De plus, en raison de sa taille et de son poids, un système de télémétrie RF classique n’est pas envisageable sur un engin de type missile léger sans une dégradation de ses performances de vol eu égard au système de propulsion qui a été dimensionné initialement pour une certaine masse (et pas pour une masse beaucoup plus grande), ou du contrôle de sa trajectoire eu égard à la position initiale de son centre de gravité qui serait alors déplacé de façon significative s’il devait intégrer une charge lourde supplémentaire.
Enfin, la capture de certains régimes de vol échappera totalement au système de télémétrie RF : c’est le cas lors de la mise à feu à l’intérieur du tube de lancement et lors de la phase transitoire de fonctionnement qui suit peu après.



C’est pourquoi une équipe technique de l’IDF et la société Goldtec propose la possibilité d’intégrer au missile un système enregistreur de données sous la forme de circuits intégrés et embarqués à bord du missile. Le système d’enregistrement est totalement indépendant et autonome par rapport au régime de vol, et ne requiert pas une modification particulière de l’architecture du système d’arme qui l’utilise.
Typiquement, lors d’un tir de missile Spike-MR, le système enregistreur proposé pourra donc rassembler tout un ensemble de données pertinentes pour l’analyse du vol, soit en particulier :
– un enregistrement vidéo à l’aide de la caméra qui est logée en tête du missile, pendant toute la durée du vol jusqu’à ce que le missile frappe sa cible, et ceci dans des conditions de jour comme de nuit;
– un relevé des mesures de vitesse et d’altitude du missile à tout moment;
– une sauvegarde des données provenant des différents capteurs installés sur le missile, en particulier celles provenant du capteur CCD
Ainsi, il est plus facile d’accéder aux données critiques du vol afin de savoir exactement ce qui s’est passé lors d’un cas de panne.
La mise au point du système d’enregistrement a nécessité environ deux ans, le développement ayant été mené conjointement entre les équipes de l’IDF, de Goldtec et du fabricant Rafael du missile Spike-MR sur lequel le système enregistreur sera utilisé en premier.
Sa taille réduite et son poids minimal maintiennent les performances actuelles du missile auquel il s’adapte sans difficulté majeure, et sans recours à un matériel particulier ou un personnel qualifié supplémentaire.
Par rapport au système qui était utilisé jusqu’à présent et qui pouvait peser jusqu’à 20 kg (mais utilisé uniquement par le fabricant du missile pour les phases de développement et de qualification), REVITAL fournit donc un gain de poids inégalé et une possibilité d’utilisation permanente sur le champ des opérations, avec un débriefing rapide des performances.

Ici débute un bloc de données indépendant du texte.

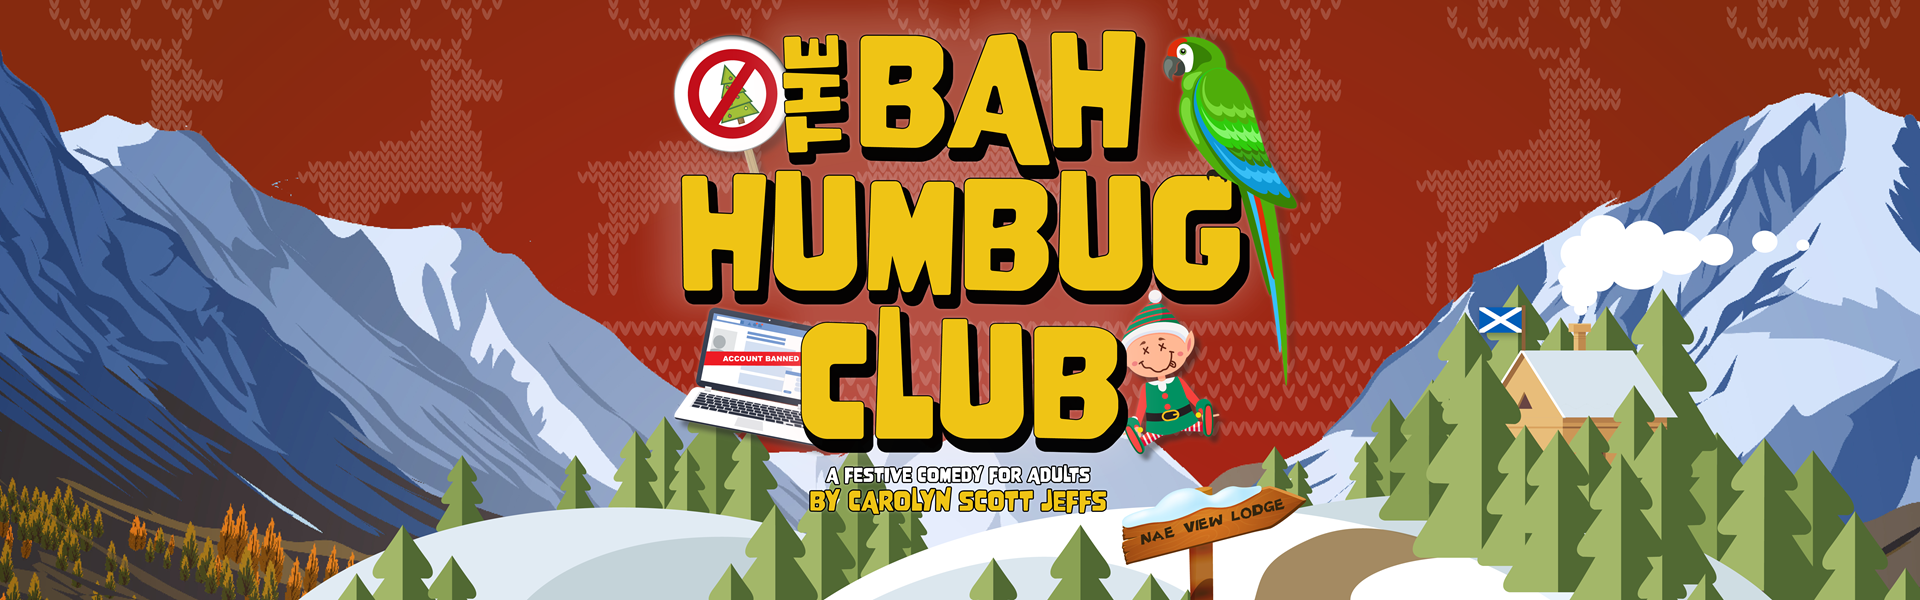 The Bah Humbug Club
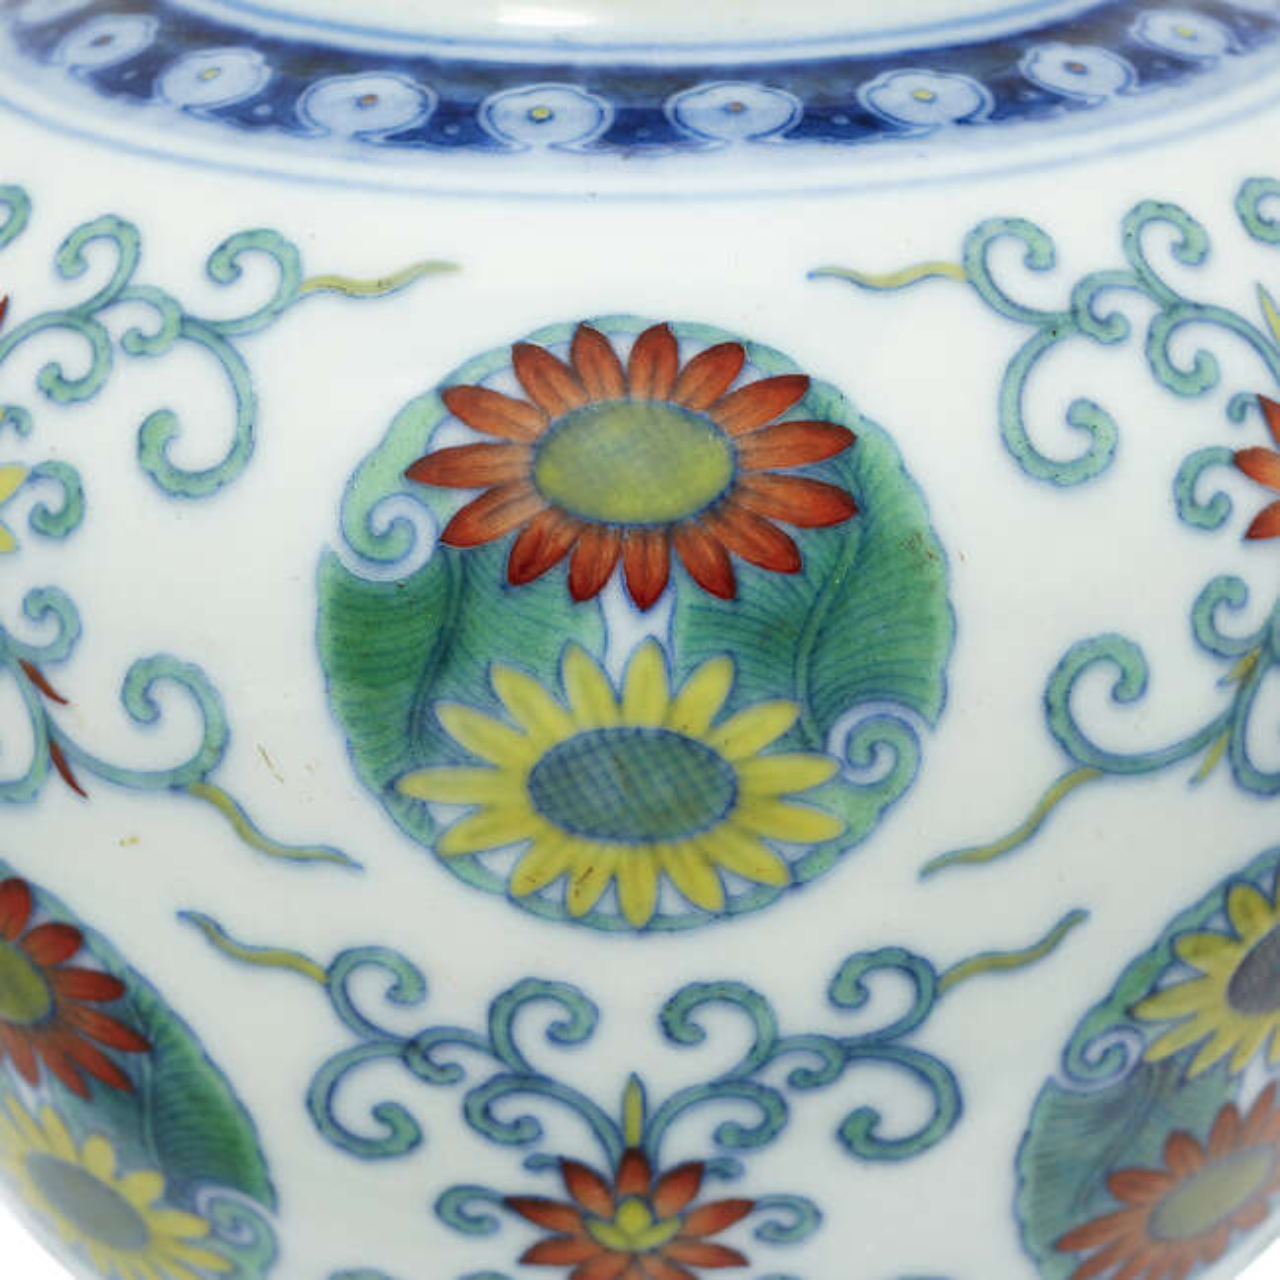 Detalhes da pintura de antigo vaso da dinastia Qing

L’enregistrement des paramètres de vol permet donc d’avoir un accès aux paramètres de trajectoire et d’envisager une analyse des dysfonctionnements rencontrés sur la base des mesures du système obtenues en temps réel lors des conditions de fonctionnement réel.
Comme dans le cas des équipes ayant travaillé sur le Spike israélien, d’autres industriels étudient avec attention le choix d’une solution enregistreur de données en temps réel à l’aide de circuits intégrés embarqués. Dans tous les cas, le but recherché est le même, à savoir enregistrer puis analyser des paramètres de vol suite à un problème de fonctionnement quel qu’il soit, de manière à réduire le nombre d’essais pour qualifier le système et le mettre à disposition des forces armées.